A little bit before I started Muay Thai, which was my introduction to combat sports, I was caught in a cycle which many girls and women will find familiar, of hating my body, wanting to be “liked”, slavishly following poorly thought-out diets, and doing hours of cardio at the gym.
Needless to say, none of this was very fulfilling. In my quest for ever more cardio, I ended up in a Les Mills Body Combat class.
The instructor’s name was Kelly, and I remember thinking that she was amazing. She was lithe and strong in a way that I had always been told that women were not, and unlike the step-class instructors she made no apology for her athleticism – no thick layer of make-up or pink accessories or feminine affectations.
Unlike those other instructors, she was also very approachable and generous with her time. I spoke to her after class and she told me that she had a background in Taekwondo. I think she may have been the first person in whom I confided about my desire to learn to fight.
I grew up in a household where I was told quite clearly that women were not to participate in activities which might result in them “getting marked or damaged”, and that “the best thing a woman can do if she’s in trouble is scream” – presumably for the help of a man. Significantly, Kelly was positive and encouraging about me exercising my agency in learning a martial art, which played no small part in enabling me to take those first early steps in seeking out a place to train.
Fast-forward fifteen years. It’s a Saturday afternoon. I’ve entered my local state wrestling competition, but I’m the only woman who has entered, so I have some demonstration matches with the guys I’ve been training with. After one of these, a very elderly man approaches me where I’m sitting with my BJJ training partner who has come along as moral support. The old man is beaming, and congratulates me on my match. Smiling from ear to ear, he tells me about how he used to wrestle, and that he is trying to get his granddaughter to take up wrestling. It was the last thing that I expected to hear him say.
The next day I fly to Sydney, where increased women’s participation means that I get four matches. I experience some success in finding my rhythm and in applying new techniques and tactics under pressure. I’m happy with my performances, both in my wins and my losses. But I keep thinking about the old man’s words. I like the idea that somewhere out there is a young woman whose patriarch actually encourages her to participate in combat sports, and that maybe in the course of living my very ordinary life I might have helped.

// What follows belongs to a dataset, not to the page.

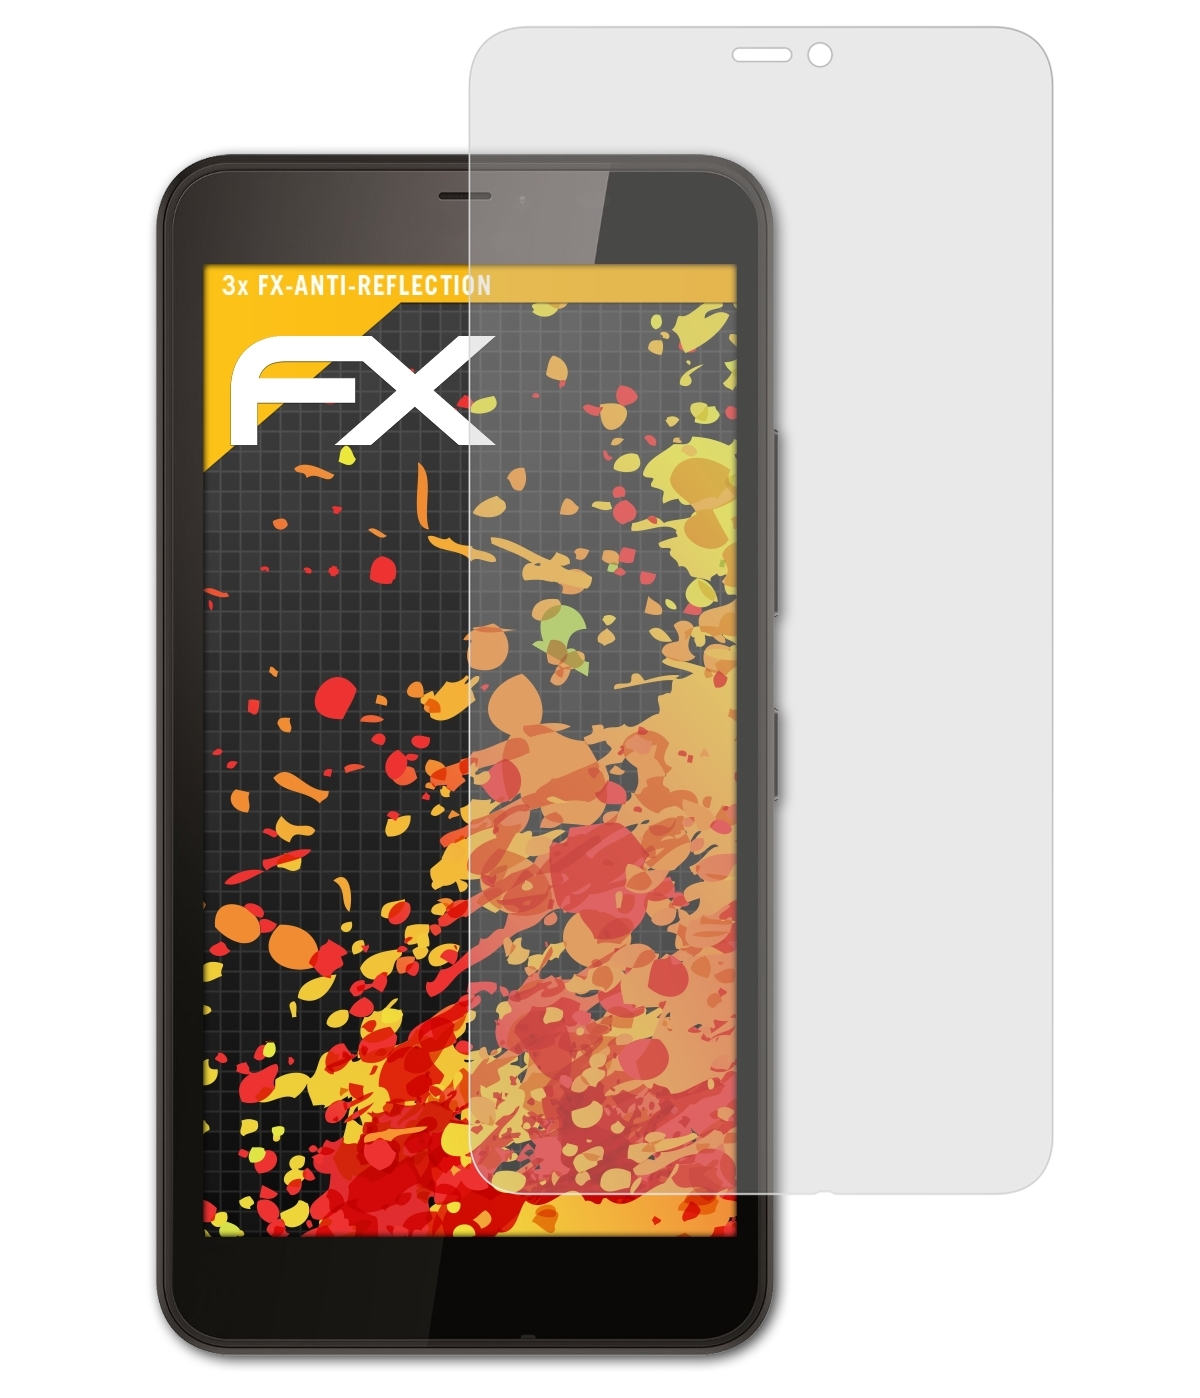 ATFOLIX Microsoft XL) Displayschutz(für Lumia FX-Antireflex 3x 640

There is no way that Kelly could have known what a contribution she would make to the direction of my life simply by showing up at work, doing her job, and taking the time to have a conversation with me. It reminds me that there are no insignificant moments. Our lives are our messages to the world, and the legacy we leave is to be found in the way we touch the lives of others. It doesn’t matter if it’s a crowded stadium or a camera crew or just one child who is watching us – every moment is an opportunity to leave an offering at the alter of someone else’s life.